- [WHAT TO DO]:
Copy out the entries below in full and exactly.

- [EXERCISE INPUT]:
* * * * * * *

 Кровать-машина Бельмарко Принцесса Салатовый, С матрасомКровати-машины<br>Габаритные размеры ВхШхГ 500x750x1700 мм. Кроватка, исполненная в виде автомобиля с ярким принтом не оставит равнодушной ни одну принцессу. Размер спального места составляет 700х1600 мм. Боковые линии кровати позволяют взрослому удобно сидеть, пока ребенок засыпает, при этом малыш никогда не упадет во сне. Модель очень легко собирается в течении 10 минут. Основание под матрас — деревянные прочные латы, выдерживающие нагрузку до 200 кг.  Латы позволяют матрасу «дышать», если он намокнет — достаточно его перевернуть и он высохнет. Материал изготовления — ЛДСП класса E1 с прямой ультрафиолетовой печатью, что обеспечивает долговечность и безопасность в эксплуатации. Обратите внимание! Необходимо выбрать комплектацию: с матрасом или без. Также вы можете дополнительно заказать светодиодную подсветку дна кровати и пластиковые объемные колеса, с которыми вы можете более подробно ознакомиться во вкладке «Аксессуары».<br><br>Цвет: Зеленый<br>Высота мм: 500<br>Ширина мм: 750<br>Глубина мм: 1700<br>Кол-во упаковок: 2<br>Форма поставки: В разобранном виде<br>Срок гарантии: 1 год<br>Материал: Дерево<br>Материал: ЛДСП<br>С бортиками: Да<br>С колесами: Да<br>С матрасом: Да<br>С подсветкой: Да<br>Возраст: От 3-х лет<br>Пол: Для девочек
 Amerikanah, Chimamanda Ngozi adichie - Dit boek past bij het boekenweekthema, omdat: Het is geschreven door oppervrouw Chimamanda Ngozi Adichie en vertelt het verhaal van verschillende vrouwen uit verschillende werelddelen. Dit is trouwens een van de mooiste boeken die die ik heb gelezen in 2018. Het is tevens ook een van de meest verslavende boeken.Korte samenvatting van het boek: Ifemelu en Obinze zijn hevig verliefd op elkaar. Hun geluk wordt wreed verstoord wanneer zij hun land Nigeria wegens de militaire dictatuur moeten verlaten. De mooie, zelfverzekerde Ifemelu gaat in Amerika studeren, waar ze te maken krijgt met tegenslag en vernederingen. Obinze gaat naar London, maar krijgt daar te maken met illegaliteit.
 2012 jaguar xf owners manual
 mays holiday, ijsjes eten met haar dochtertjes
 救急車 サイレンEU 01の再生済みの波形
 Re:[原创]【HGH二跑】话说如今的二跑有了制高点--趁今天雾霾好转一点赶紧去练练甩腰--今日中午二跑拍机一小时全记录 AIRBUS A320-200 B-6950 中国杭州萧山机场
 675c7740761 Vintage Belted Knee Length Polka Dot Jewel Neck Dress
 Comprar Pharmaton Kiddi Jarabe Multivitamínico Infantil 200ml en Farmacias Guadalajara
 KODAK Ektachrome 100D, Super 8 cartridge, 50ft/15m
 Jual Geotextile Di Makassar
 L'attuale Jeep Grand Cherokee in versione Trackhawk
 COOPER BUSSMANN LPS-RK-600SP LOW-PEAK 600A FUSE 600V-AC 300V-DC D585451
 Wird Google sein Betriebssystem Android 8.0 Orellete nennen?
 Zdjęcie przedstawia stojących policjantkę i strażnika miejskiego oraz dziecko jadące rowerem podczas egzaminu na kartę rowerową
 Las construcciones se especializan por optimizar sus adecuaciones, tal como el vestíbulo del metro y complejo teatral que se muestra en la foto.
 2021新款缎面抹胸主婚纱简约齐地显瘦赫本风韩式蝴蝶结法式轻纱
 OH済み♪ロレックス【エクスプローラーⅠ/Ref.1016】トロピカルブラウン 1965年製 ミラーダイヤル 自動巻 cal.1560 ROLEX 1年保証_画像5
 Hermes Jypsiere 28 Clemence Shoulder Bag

* * * * * * *

- [TASK RESULT]:
 Кровать-машина Бельмарко Принцесса Салатовый, С матрасомКровати-машины<br>Габаритные размеры ВхШхГ 500x750x1700 мм. Кроватка, исполненная в виде автомобиля с ярким принтом не оставит равнодушной ни одну принцессу. Размер спального места составляет 700х1600 мм. Боковые линии кровати позволяют взрослому удобно сидеть, пока ребенок засыпает, при этом малыш никогда не упадет во сне. Модель очень легко собирается в течении 10 минут. Основание под матрас — деревянные прочные латы, выдерживающие нагрузку до 200 кг.  Латы позволяют матрасу «дышать», если он намокнет — достаточно его перевернуть и он высохнет. Материал изготовления — ЛДСП класса E1 с прямой ультрафиолетовой печатью, что обеспечивает долговечность и безопасность в эксплуатации. Обратите внимание! Необходимо выбрать комплектацию: с матрасом или без. Также вы можете дополнительно заказать светодиодную подсветку дна кровати и пластиковые объемные колеса, с которыми вы можете более подробно ознакомиться во вкладке «Аксессуары».<br><br>Цвет: Зеленый<br>Высота мм: 500<br>Ширина мм: 750<br>Глубина мм: 1700<br>Кол-во упаковок: 2<br>Форма поставки: В разобранном виде<br>Срок гарантии: 1 год<br>Материал: Дерево<br>Материал: ЛДСП<br>С бортиками: Да<br>С колесами: Да<br>С матрасом: Да<br>С подсветкой: Да<br>Возраст: От 3-х лет<br>Пол: Для девочек
 Amerikanah, Chimamanda Ngozi adichie - Dit boek past bij het boekenweekthema, omdat: Het is geschreven door oppervrouw Chimamanda Ngozi Adichie en vertelt het verhaal van verschillende vrouwen uit verschillende werelddelen. Dit is trouwens een van de mooiste boeken die die ik heb gelezen in 2018. Het is tevens ook een van de meest verslavende boeken.Korte samenvatting van het boek: Ifemelu en Obinze zijn hevig verliefd op elkaar. Hun geluk wordt wreed verstoord wanneer zij hun land Nigeria wegens de militaire dictatuur moeten verlaten. De mooie, zelfverzekerde Ifemelu gaat in Amerika studeren, waar ze te maken krijgt met tegenslag en vernederingen. Obinze gaat naar London, maar krijgt daar te maken met illegaliteit.
 2012 jaguar xf owners manual
 mays holiday, ijsjes eten met haar dochtertjes
 救急車 サイレンEU 01の再生済みの波形
 Re:[原创]【HGH二跑】话说如今的二跑有了制高点--趁今天雾霾好转一点赶紧去练练甩腰--今日中午二跑拍机一小时全记录 AIRBUS A320-200 B-6950 中国杭州萧山机场
 675c7740761 Vintage Belted Knee Length Polka Dot Jewel Neck Dress
 Comprar Pharmaton Kiddi Jarabe Multivitamínico Infantil 200ml en Farmacias Guadalajara
 KODAK Ektachrome 100D, Super 8 cartridge, 50ft/15m
 Jual Geotextile Di Makassar
 L'attuale Jeep Grand Cherokee in versione Trackhawk
 COOPER BUSSMANN LPS-RK-600SP LOW-PEAK 600A FUSE 600V-AC 300V-DC D585451
 Wird Google sein Betriebssystem Android 8.0 Orellete nennen?
 Zdjęcie przedstawia stojących policjantkę i strażnika miejskiego oraz dziecko jadące rowerem podczas egzaminu na kartę rowerową
 Las construcciones se especializan por optimizar sus adecuaciones, tal como el vestíbulo del metro y complejo teatral que se muestra en la foto.
 2021新款缎面抹胸主婚纱简约齐地显瘦赫本风韩式蝴蝶结法式轻纱
 OH済み♪ロレックス【エクスプローラーⅠ/Ref.1016】トロピカルブラウン 1965年製 ミラーダイヤル 自動巻 cal.1560 ROLEX 1年保証_画像5
 Hermes Jypsiere 28 Clemence Shoulder Bag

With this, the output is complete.